Add this to one of your many previous thread so people understand the context.


----------



## jdesey (Dec 6, 2015)

Yes she is currently my girlfriend. We have agreed that absolutely that we are exclusive and not dating others.
_Posted via Mobile Device_


----------



## MarriedDude (Jun 21, 2014)

My wife doesn't go underground....she has been known to put her phone on silent and forget its on silent or leave it somewhere and have to back-track. She will do the same thing with her radio on job-sites from time to time. I've been riding in the car with her and have one of her crew call me wondering where she is.....she'll pull out her phone and have a dozen missed calls and texts. 

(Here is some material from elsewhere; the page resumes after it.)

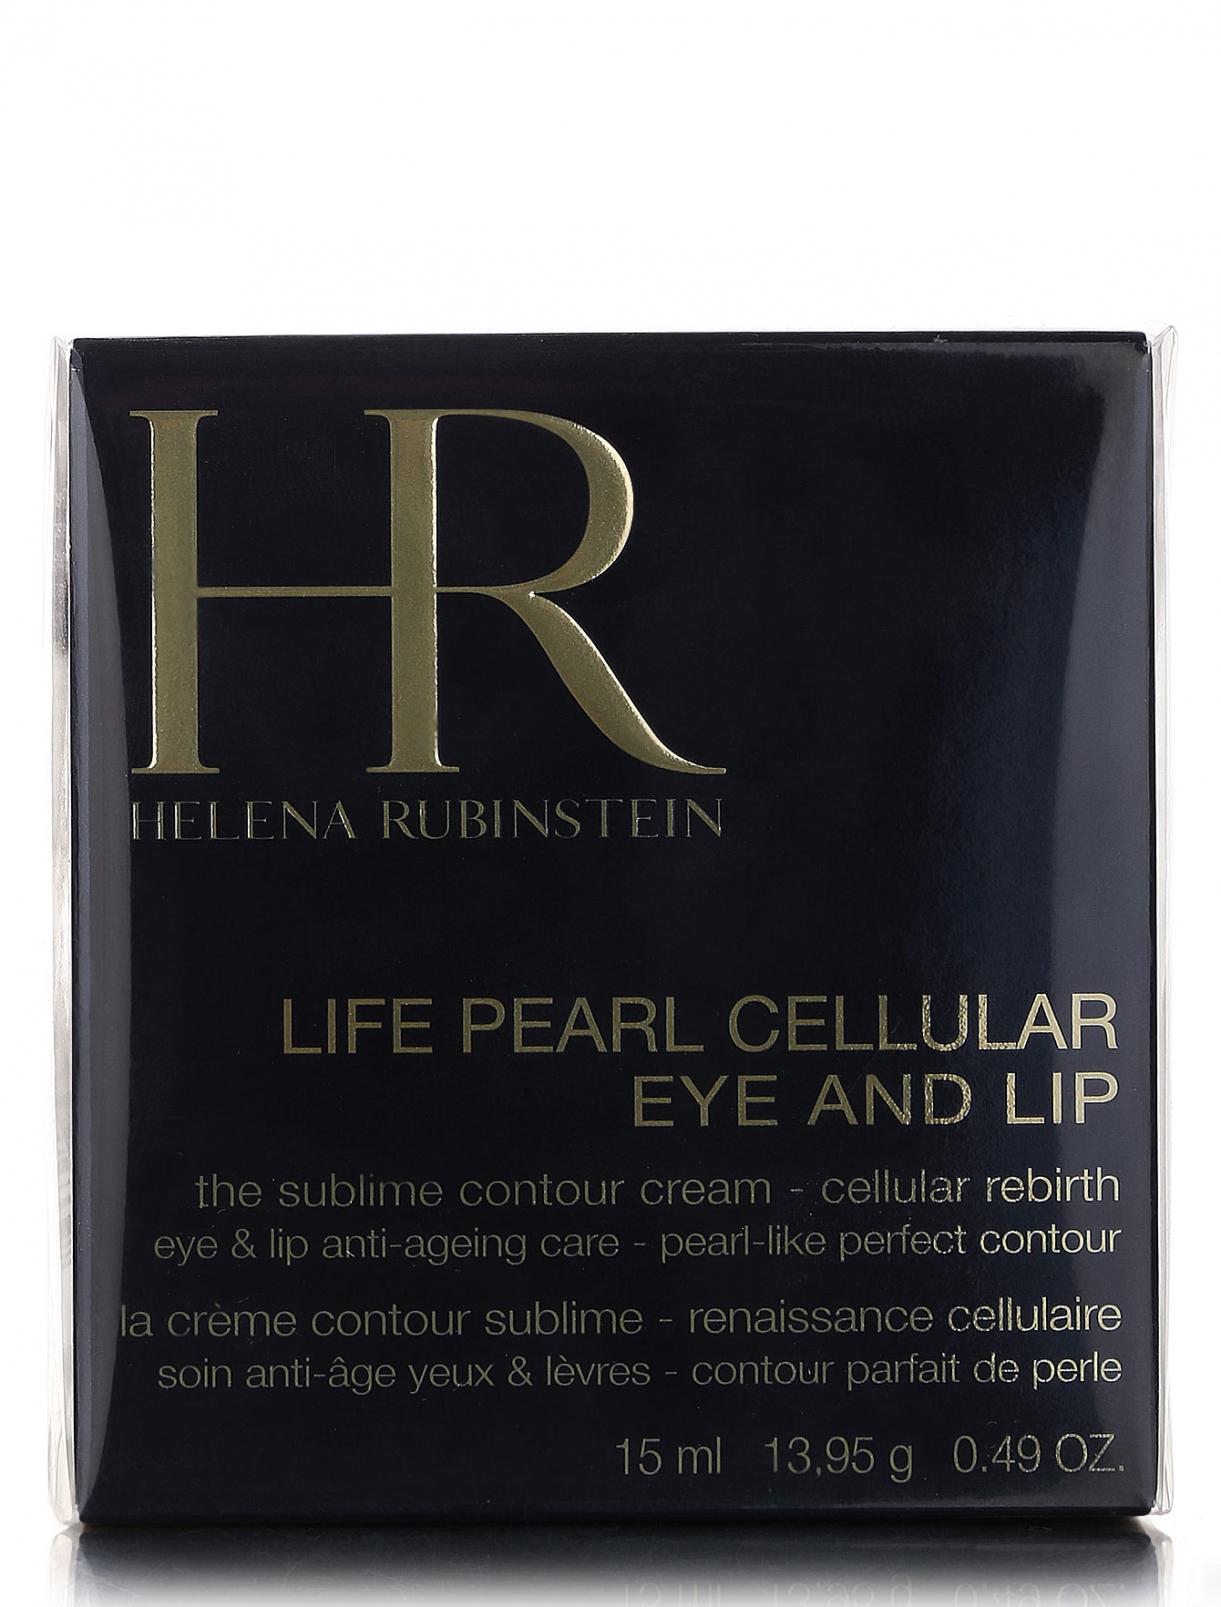 Уход с клеточным комплексом для глаз и губ - Life Pearl, 15ml Helena Rubinstein  –  Модель Общий вид

Not answering the door though....VERY different story. 

Could she have actually been sick...asleep...something like that?


----------



## Ynot (Aug 26, 2014)

Jesus F*cking Christ! Do you ever stop! She booted your azz out. She called the police on you! Quit stalking this girl and get a life! She isn't your girlfriend! She is probably terrified of you.


----------



## jdesey (Dec 6, 2015)

She could very well be asleep. Or sick. But now it's hours later. Basically she shuts me out like this when she's upset. This is all about her crap job. I re did her resume and printed out 15 jobs for her to go apply today and tomorrow on her days off. She asked for my help. 

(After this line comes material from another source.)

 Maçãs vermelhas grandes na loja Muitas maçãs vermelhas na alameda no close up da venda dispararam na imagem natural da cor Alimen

Also. These are the only 2 days per week we can spend any decent time together. 

To me it just makes it feel like I'm not a priority. That our relationship is not a priority. 

Or maybe I'm just being a big wuss. 

I swear women are so frustrating.
_Posted via Mobile Device_


----------



## Evinrude58 (Jun 16, 2014)

Dude, what is up with all this? Why don't you just go get a girl that answers your texts or calls, and wants you like a desert wants the rain? 
This one is making you crazy.
Give her up. There's lots out there. Even OLDating people will treat you better. 
She's really not your gf, or you wouldn't have these questions. Either she's a nut, you're a nut, you're both nuts, or she's making you nuts. Either way, nuttiness abounds with this.
Get out of it. It's not worth it. And you banging on her door when she doesn't answer texts is just over the limit of normalcy.
_Posted via Mobile Device_


----------



## jdesey (Dec 6, 2015)

Yes you're right. It's all very nuts. 
One thing I know for sure is that this relationship has been constant struggle. No relationship should be this hard. Whether it's a friendship or a child or a girlfriend.
_Posted via Mobile Device_


----------



## MarriedDude (Jun 21, 2014)

Ynot said:


> Jesus F*cking Christ! Do you ever stop! She booted your azz out. She called the police on you! Quit stalking this girl and get a life! She isn't your girlfriend! She is probably terrified of you.


Is this accurate? 

Damn


----------



## Personal (Jan 16, 2014)

jdesey said:


> Today my girlfriend of two years talks to me at 10 in the morning and then goes dead silent fir rest of day. No reply to texts or calls. I go over to her apartment knock on the door and she won't answer even though I know she's there because her car is there. We have had no fight or anything like that. Finally after over six hours of no contact she text back that she's tired and sick. I reply back that she's too tired to even answer the phone or text back?
> 
> So I'm asking the men out there does your girlfriend or wife to do this? My gal is very miserable about her work situation and it's just affecting everything.
> 
> Does your gal go underground? I promise you if I ignored her for a day she would accuse me of cheating.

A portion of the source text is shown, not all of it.